One hundred percent. When I was doing this research on New York pizzas, I came across a place called Totonno’s. There’s a guy in New York called Paulie Gee, and he started the same way. He went down the same path as me: he was in IT and he founded Totonno’s in Coney Island.
What makes your pizza stand out in the North East?
With the pizza that I’m doing at the minute in the wood-fired oven, it’s what’s called Vera Pizza Napoletana; it’s all regulated, it’s all in line with this association in Naples. It’s 100 percent correct.
Is that the standard you compare yourself against now?
Yeah, there’s literally only two pizzerias out of about 500 in Naples that make pizza like me, at the minute.
What ought a proper Neapolitan pizza be like?
It’s soft, it’s foldable, it’s easily digestible, the crust’s one inch; the crust is the best part. I’m literally having people come in the restaurant and they’re eating the centre of the pizza and leaving this circle of crust! That’s what we’ve been working on! That’s the main thing! People just don’t have a clue what’s going on. But it’s a learning process.
What difference does using a wood-fired oven make to a pizza?
Basically, with a gas oven the temperature’s going to be a lot lower, and to make Neapolitan pizza you need a very high temperature. It’s the ingredients that you use as well: the flour, tomatoes, cheeses. You couldn’t use the dough that I make in a gas or lower-powered oven.
So it changes the whole pizza-making process?

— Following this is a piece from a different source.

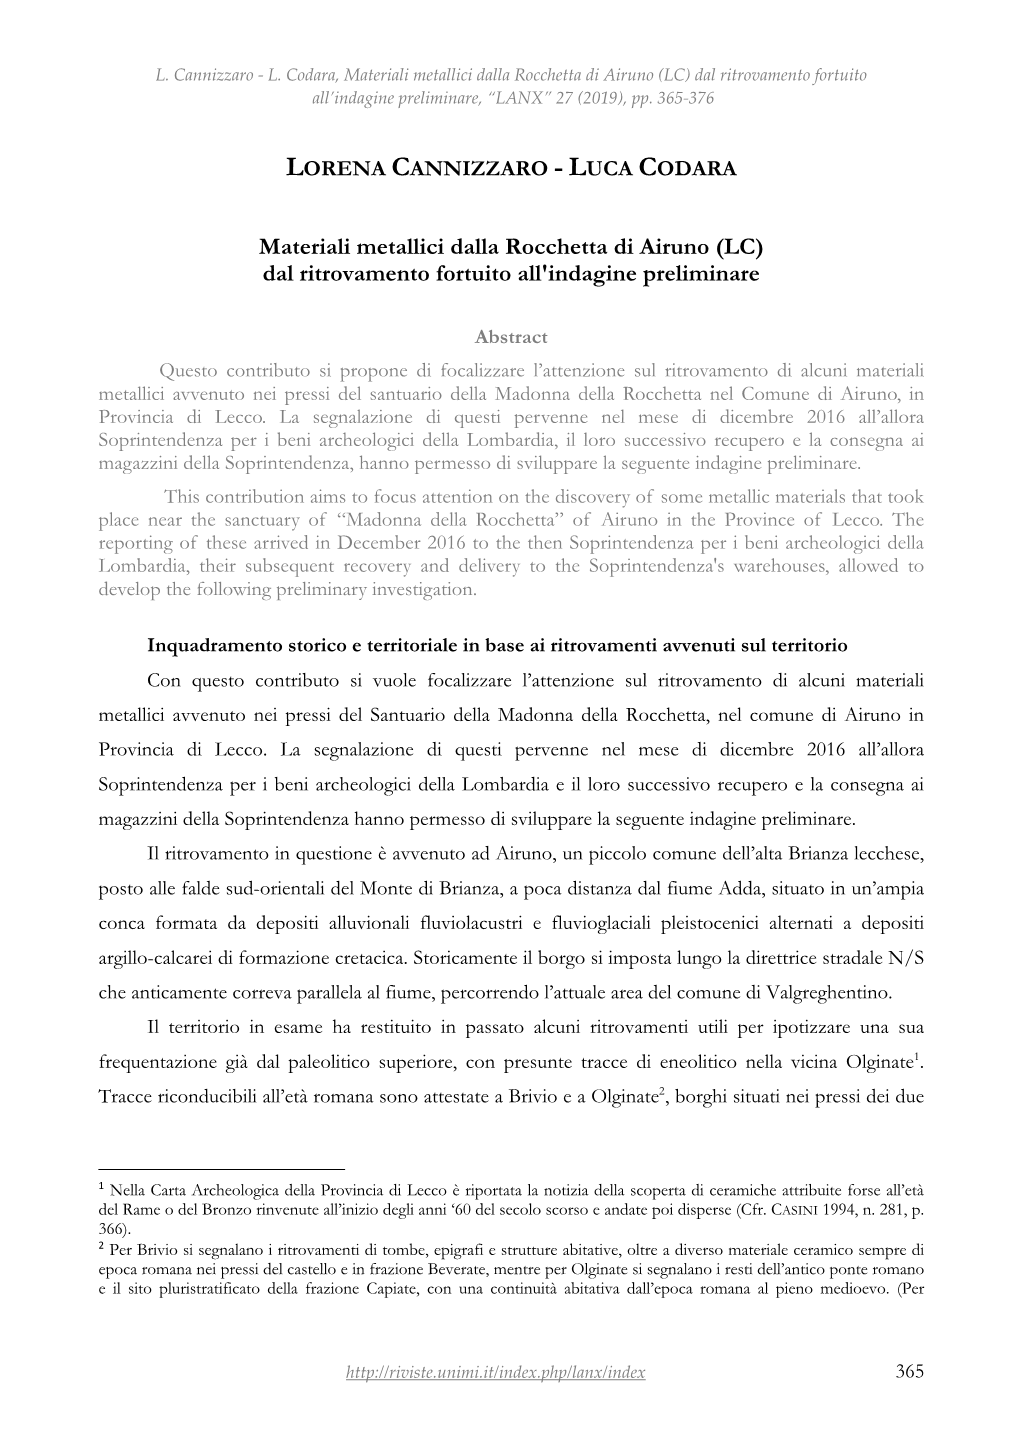 Materiali Metallici Dalla Rocchetta Di Airuno (LC) Dal Ritrovamento Fortuito All’Indagine Preliminare, “LANX” 27 (2019), Pp

That’s one of the reasons why they used those ingredients in these gas ovens: the flour’s correct for that temperature, the tomatoes and cheeses are made for that temperature, whereas with these New York elite pizzas in these coal-fired ovens, they were importing tomatoes, buffalo mozzarella, flour, olive oil from Italy to use in these ovens, because they were trying to emulate these pizzas in Naples. People in New York are starting to shun the sliced pizzas from the gas ovens in favour of not just New York elite pizza from the coal ovens, but Neapolitan pizza. It’s turned 100 percent full circle.

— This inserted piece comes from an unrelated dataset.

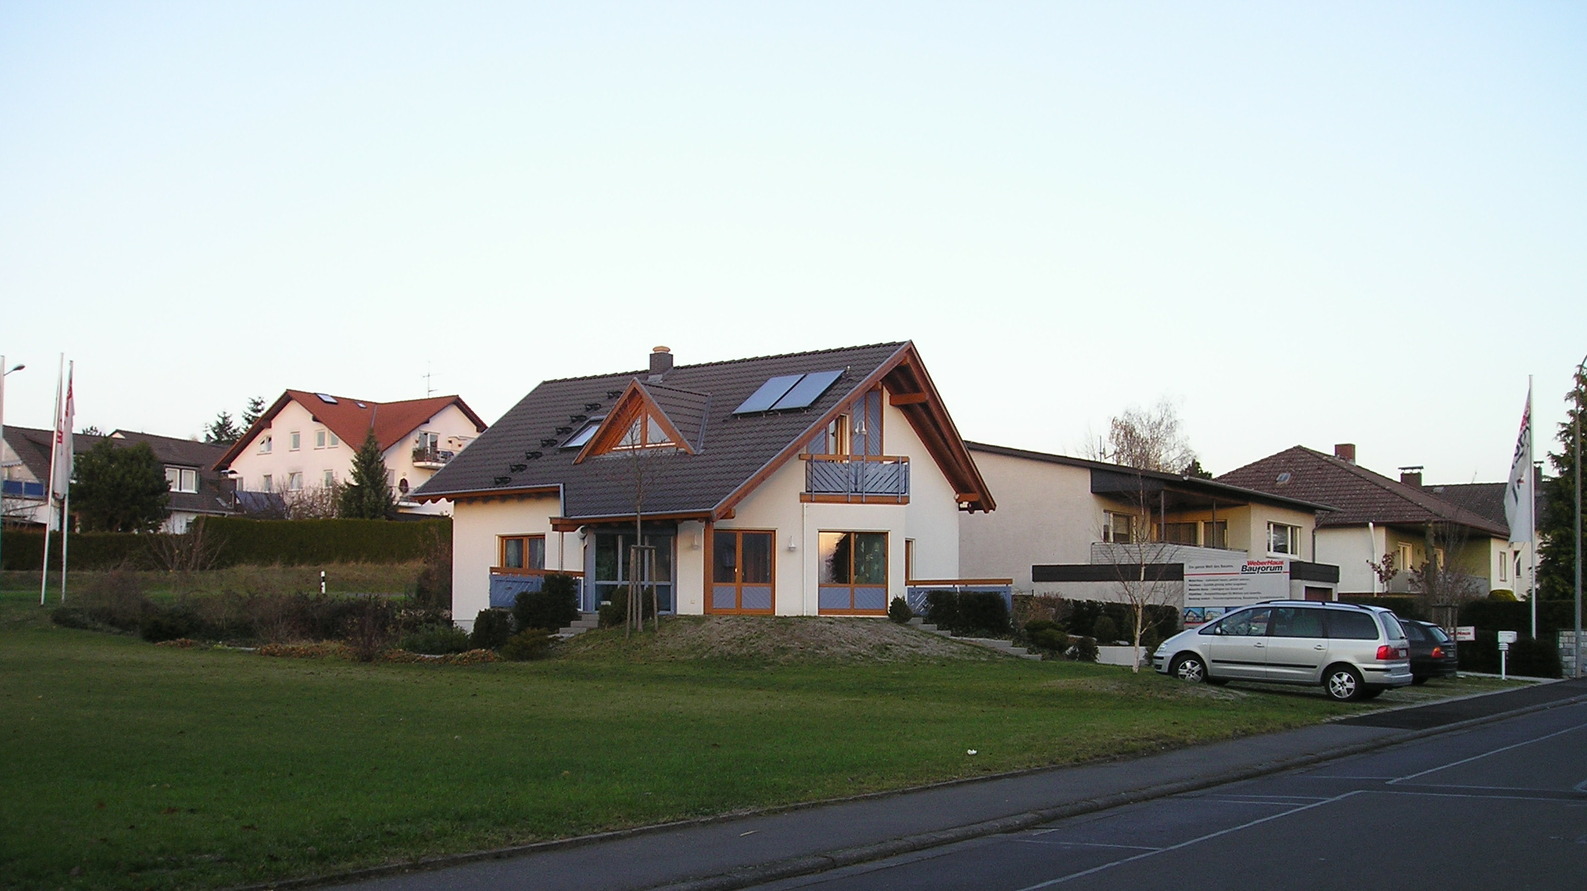 Einfamilienhaus vom Fertighaushersteller WeberHaus

How did you try to emulate that yourself?
I got a gas barbecue for Christmas one year. I was working on a building site, and they were doing the bathroom out with these marble tiles from Italy. They cut us a tile to fit this barbecue, then I put the hood down on it and got the temperature to about 500 degrees. I put the pizza on the stone for about 30 seconds and it cooked the bottom, then I had my oven on fan-assisted grill, as hot as I could get it, and I put the pizza on the top shelf of the oven to cook the top. So, I was doing two, three-minute pizzas in the house.
Why is the oven temperature important?
Basically Neapolitan pizza is cooked from the top down, so you want a lot of heat in the dome. The crust is a bit thicker than, say, if you got a pizza in Rome. That’s because the heat in the top is helping it rise very quickly. When they put pizzas in the oven, you put in a few little woodchips for each pizza and you get a flash of heat over the top. So you’ve got residual heat in your stone that’ll cook all night, but you want that flash of heat over the dome to help that crust rise very quickly.
There’s a lot of momentum around Cal’s Own at the minute: what’s next?
I want to be recognised by the Associazione Vera Pizza Napoletana. Also what I’m aiming for is a Michelin Bib Gourmand. That’s what I’ve designed the restaurant for: I’m not aiming for a star, I’m aiming for a Bib Gourmand. There’s only one in Newcastle at the minute, and there are very few in the world really; it’s a very difficult accolade to achieve. There’s something like 2,000 one-Michelin stars, and there’s only 1,700 Bib Gourmands. The Bib Gourmand is like doing Michelin-star cooking, or just below, at a reasonable price.